Кольцо разомкнулось, к Птицелову втолкнули двоих дэков. На доходяг они не походили — были плотными, широколицыми, круглоголовыми. Несмотря на отменную физическую форму, эти двое имели вид битых крыс. И вели себя должным образом.
— Эй! Что за сборище? — заволновался один из охранников. — Упырей решили подразнить?
— Погоди упырями пугать, начальник! — отозвался Колотый. — Сейчас пожелаем доброй ночи друзьям-дэкам — и спатки!
— Ладно, не затягивай с лобзаниями… — бросил охранник, удаляясь.
Подозреваемым дэкам дали по оплеухе. Сначала одному, потом — второму.
— Бренчите, гниды!
— Я ничего не видел, — пробасил первый.
— Массаракш! Не видел, не видел я… — забормотал второй, и ему еще раз врезали по бритому затылку.
Птицелов закусил губу. Он понимал: если подвяжется выступать судьей в щекотливых вопросах уголовников, то рано или поздно схлопочет пером по горлу. А если не подвяжется, то перо его найдет прямо сейчас. Кинут еще тепленьким за борт, и поминай как звали. Допустимые потери среди делинквентов во время транспортировки уже подсчитаны и внесены в сопроводительную документацию.
— Они правду говорят, — выдавил Птицелов. — Оба.
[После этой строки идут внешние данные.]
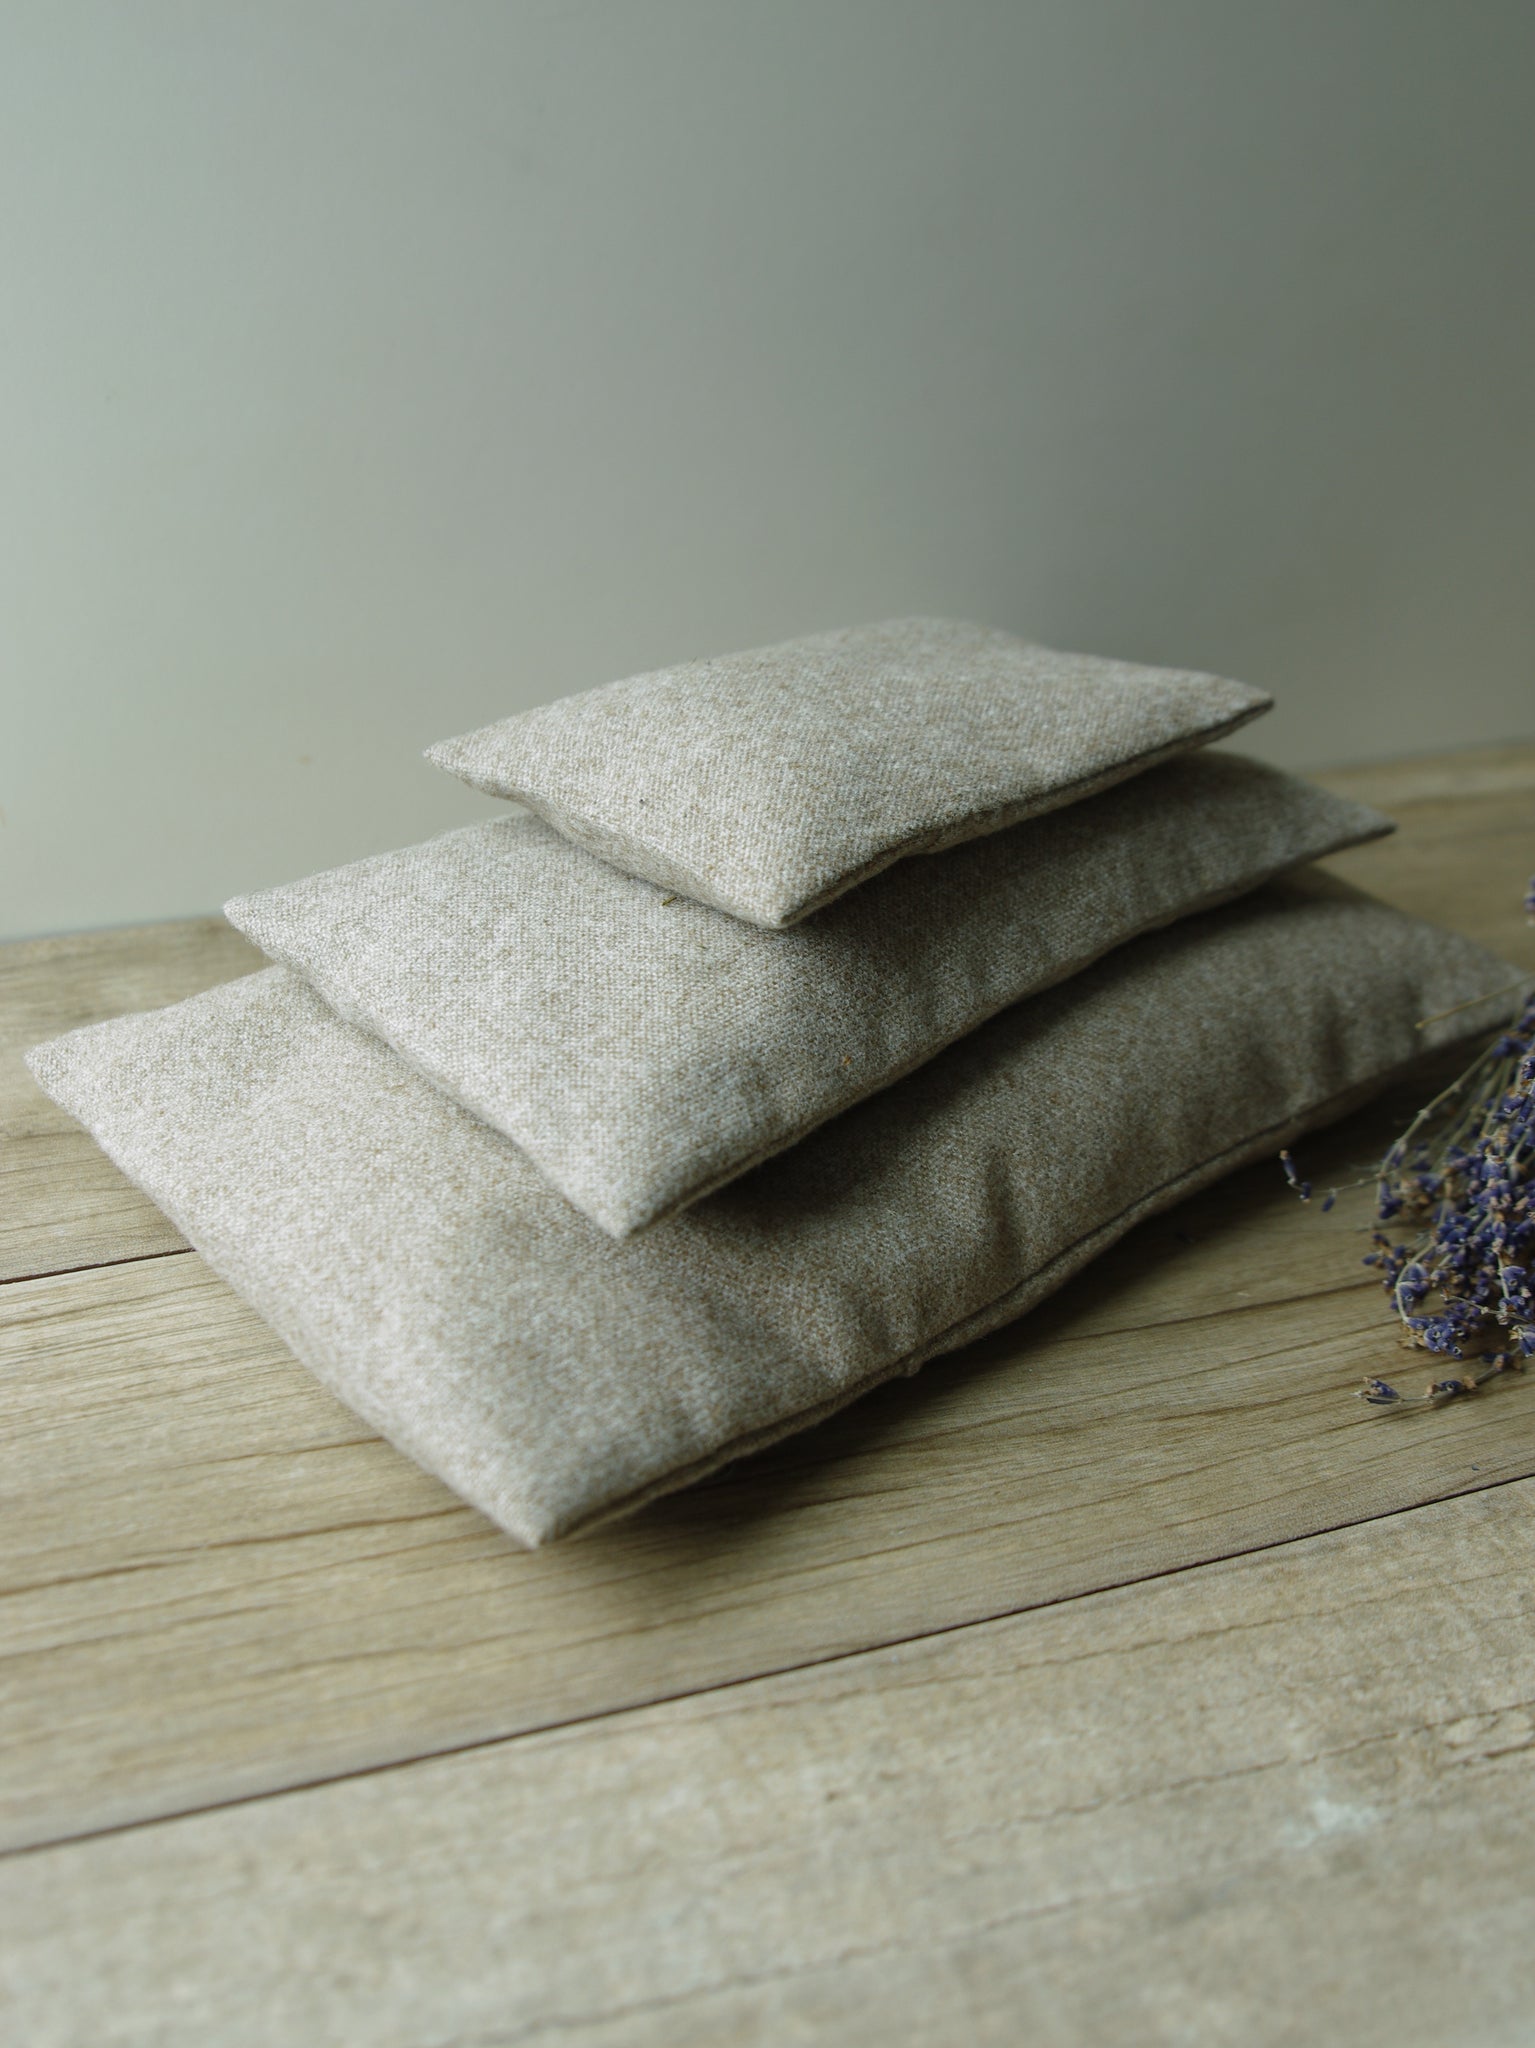 French Lavender Sachet—Tan Wool

— Чего? Оба? Да ты ложки гнешь, доходяга косолапый! — забубнили уголовники.
— Я не гну ложки, — ответил Птицелов.
Он всегда ощущал боль и стыд, едва услышит чужую ложь. Он ожидал, что расплата за собственное вранье будет подобна адским мукам. Но ничего такого с ним не случилось. Ни толчка совести, ни душевного колика. Оказалось, что, чутко ощущая неправду, он вполне способен врать с три короба. Такой вот односторонний дар.
— Смотреть лучше за общаком надо было! — почти выкрикнул Птицелов. — У этих двоих — глаз не хватило!
— Ну ладно, — угрюмые типы стали еще мрачнее. — Иди пока Спи. Если чего, мы тебя кликнем…
Зато двое обвиненных дэков глядели Птицелову в глаза преданно, с уважением, замешанном на полном стакане страха. Побитые псы пританцовывали, желая угодить новому хозяину.
Их чувства понять было нетрудно, потому что они оба говорили неправду.
Угрюмая братия наконец рассеялась. Птицелов перевел дух. Раскатал валик спальника и забрался внутрь.
Но глаза закрыть не успел: кто-то осторожно толкнул его в бок. Послышался свистящий шепот:
— Эй, достопочтенный!
Птицелов высунулся из спального мешка. Оказалось, что рядом с ним на корточках сидит незнакомый дэк. В фосфоресцирующем свете ночного неба Птицелов увидел, что дэк этот немолод и морщинист, как печеный картофель. В глазах незнакомца как-то необычно отражался свет ночного неба, и Птицелов ощутил тревогу. Уж не буйный ли Циркуль — псих с непредсказуемым нравом и походкой кукольного человечка — пожаловал к нему в гости? Циркуля все сторонились — даже уголовники и мутанты. Делинквент, условно-освобожденный, так как пятеро убитых им офицеров были, как ни крути, пособниками порочного режима Отцов.
— Не боись, достопочтенный господин, это я — Циркуль…
И вновь Птицелов не посмел ругаться вслух. Он слышал, что сам доктор Таан был против того, чтобы отправлять Циркуля на раскорчевку. Принесло ведь…
— Кушать хочешь? — дэк пододвинул к Птицелову открытую консервную банку. — Половинку тебе оставил — можешь пересчитать до зернышка. А по ночам оно ведь особенно кушать хочется, да?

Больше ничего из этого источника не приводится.